かつては「空気」「地味」と評されたポケモンが、1つのイベントをきっかけにファンの心に永遠に刻まれる存在となった事例は、ポケモン30年近い歴史の中でも極めて珍しいサクセスストーリーとして語り継がれています。
【バオッキーの最下位】に関するよくある質問(FAQ)
Q1:ポケモン総選挙720でバオッキーの次に順位が低かったポケモンは誰ですか?
A1:719位はイッシュ地方の「コマタナ」でした。ただし、コマタナは進化形のキリキザン(後にドドゲザンが登場)が対戦で人気を博していたこともあり、バオッキーほど単独で話題になることはありませんでした。
Q2:ポケモンセンターで配布されたバオッキーはどんな特徴がありましたか?
A2:配布されたバオッキーの親名は「そうせんきょ」となっており、通常では覚えない特別な技ではなく標準的な技構成(かえんほうしゃ、くさむすびなど)でしたが、記念のリボンと持ち物「いのちのたま」を所持したファン垂涎のメモリアル個体でした。
Q3:今後再び全ポケモンの人気投票が行われた場合、バオッキーの順位はどうなるでしょうか?
A3:現在のバオッキーは「伝説の最下位」として圧倒的な知名度と愛着を獲得しているため、次回の大規模投票が開催された場合はネタ票や救済票が集中し、順位が大幅に跳ね上がる可能性が極めて高いとファンの間で予想されています。
まとめ:最下位という不名誉を最大の個性へ変えた奇跡のポケモン
バオッキーが残した「720位」という記録は、一見すると不名誉な歴史のように思えます。しかし、公式のウィットに富んだ救済劇と、それに応えた温かいファンコミュニティによって、それは他に代えがたい唯一無二のチャームポイントへと生まれ変わりました。

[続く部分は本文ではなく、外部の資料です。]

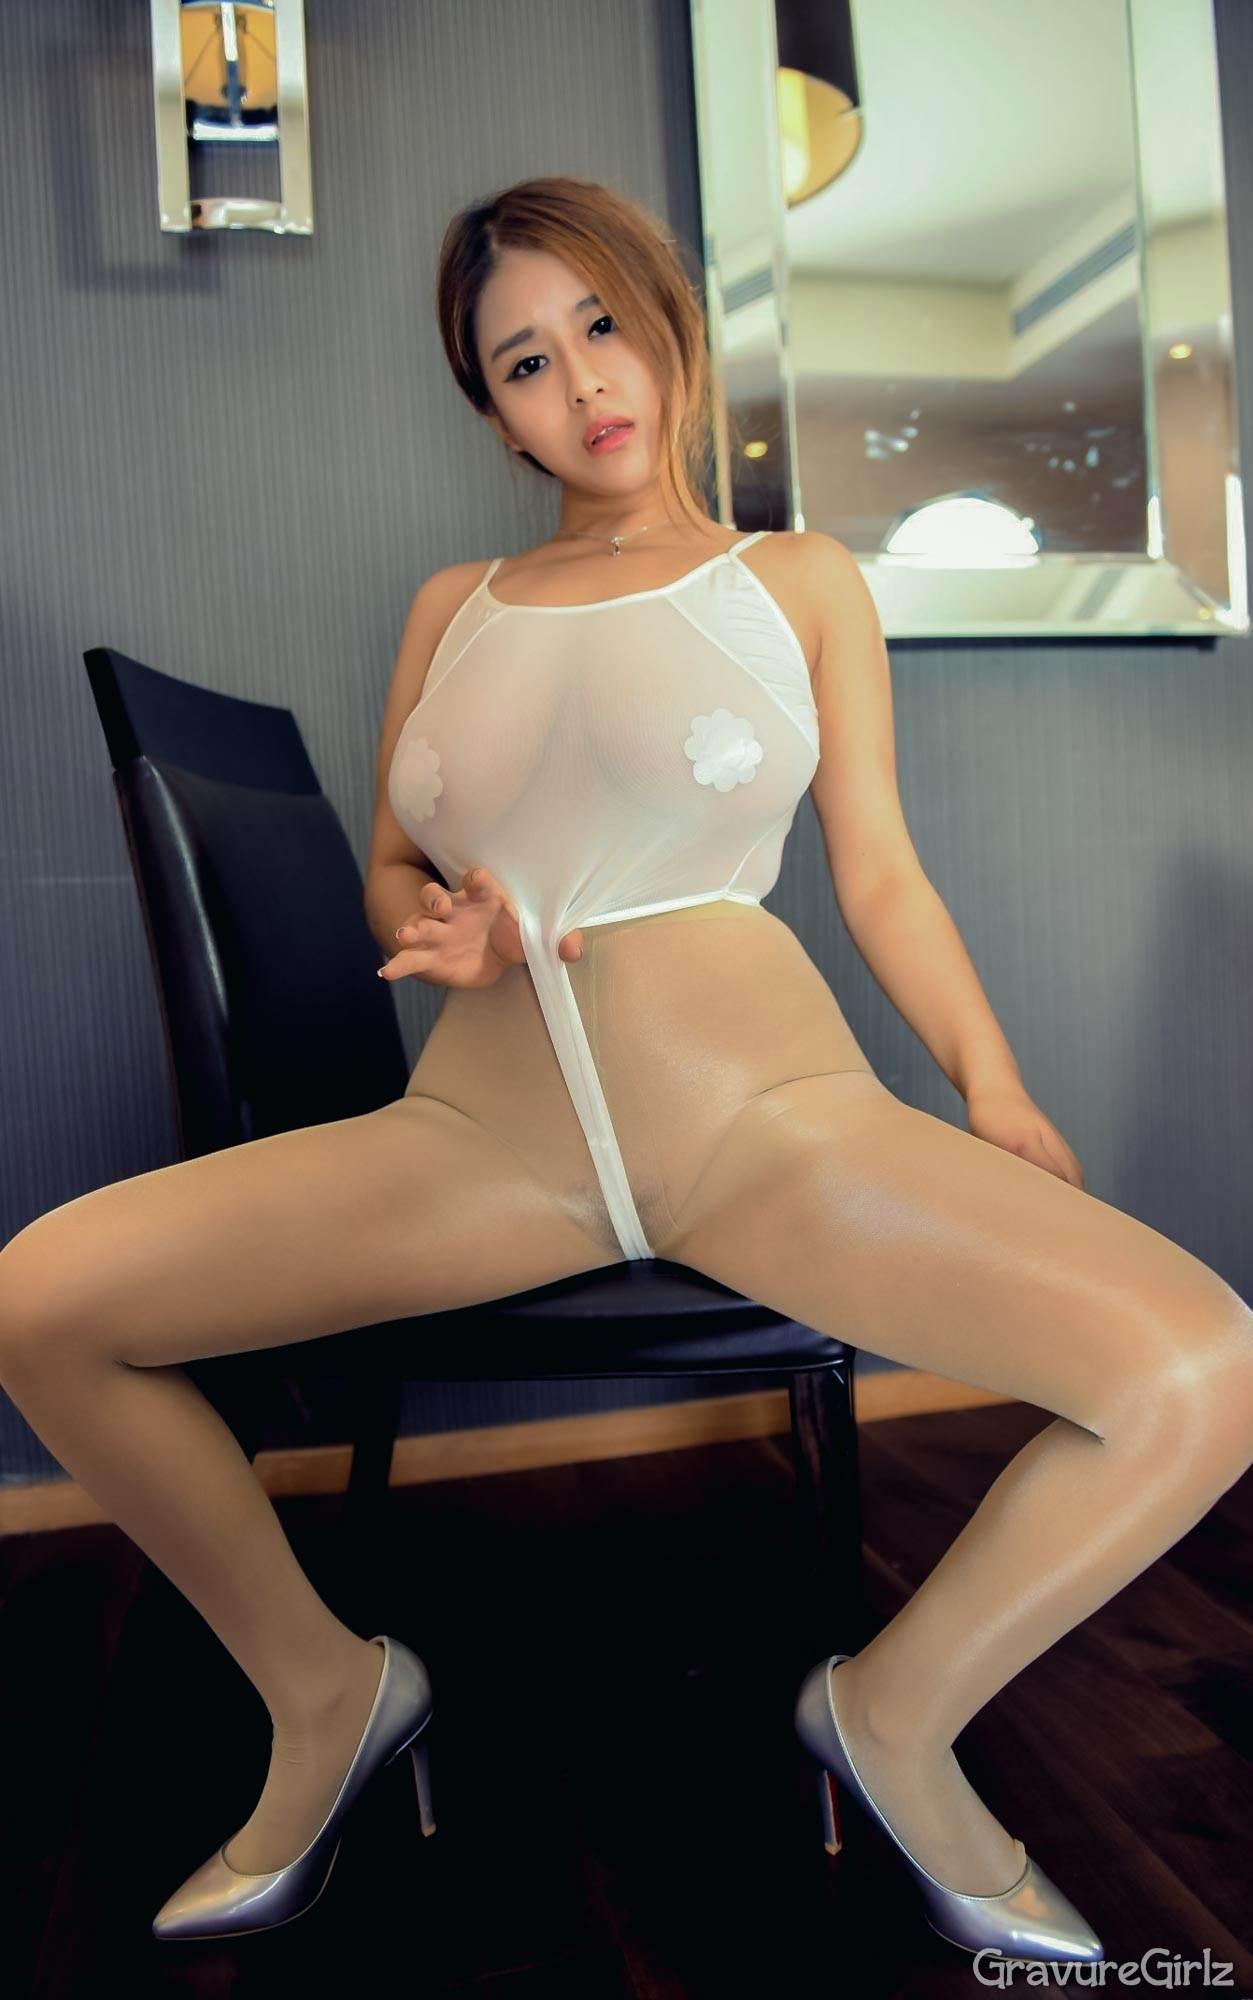 Asian model nude dance 2 10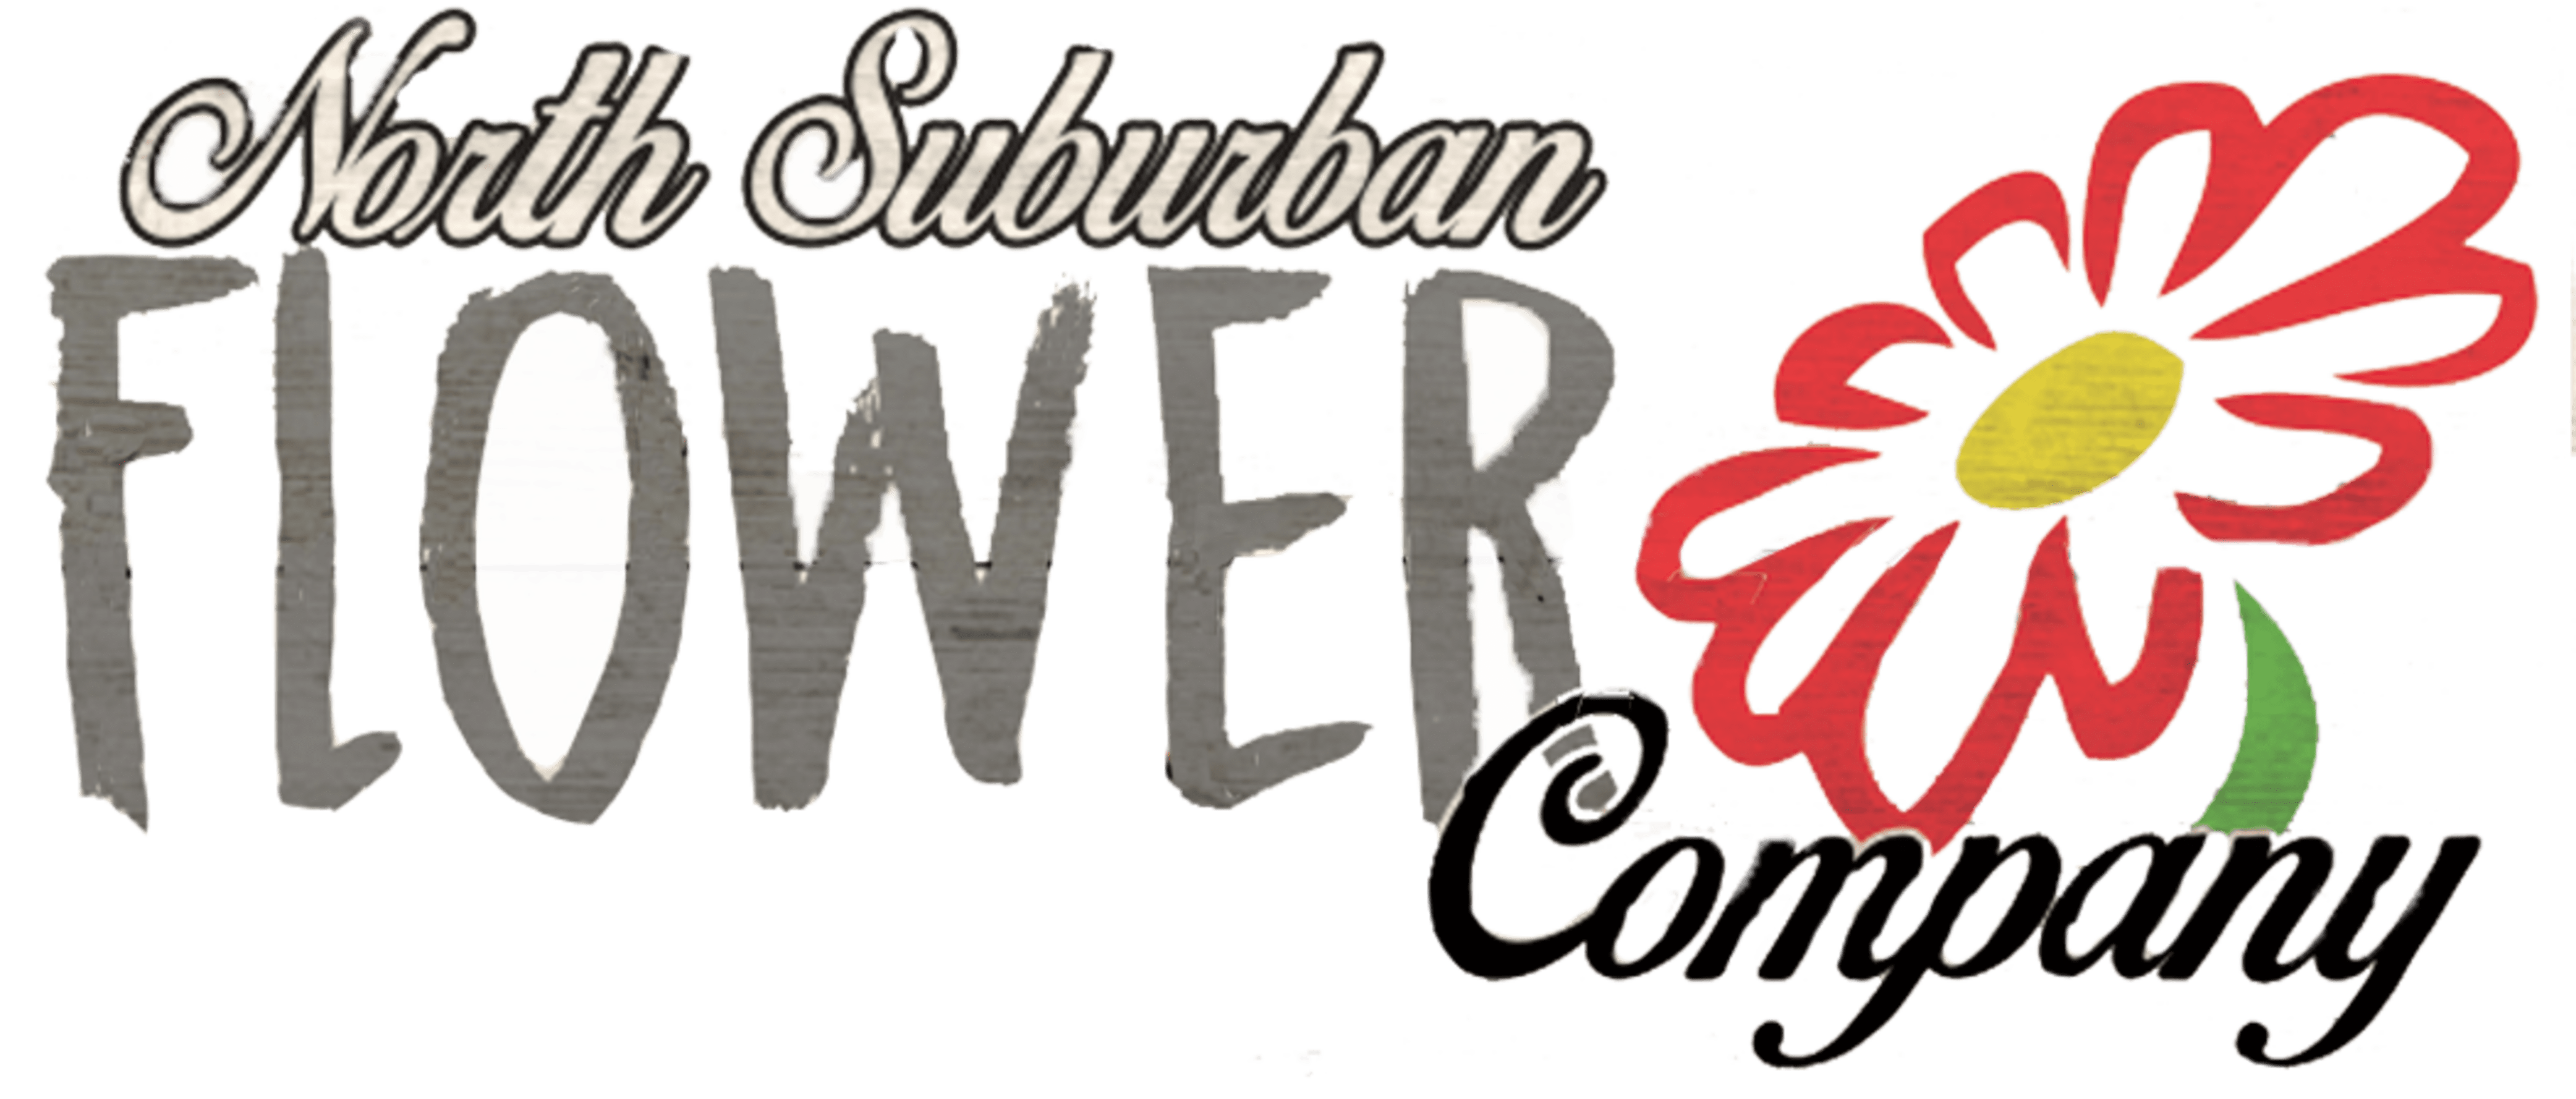 northsuburbanflowercompany-logo_3

完璧な強さや洗練されたかっこよさだけがポケモンの魅力ではありません。挫折から愛されキャラへと昇華したバオッキーの軌跡は、多様な個性を受け入れるポケモンカルチャーの奥深さを象徴するエピソードとして、これからも多くのファンに笑顔を届け続けるはずです。 (出典: バオッキー 最 下位(Yahoo!ニュース))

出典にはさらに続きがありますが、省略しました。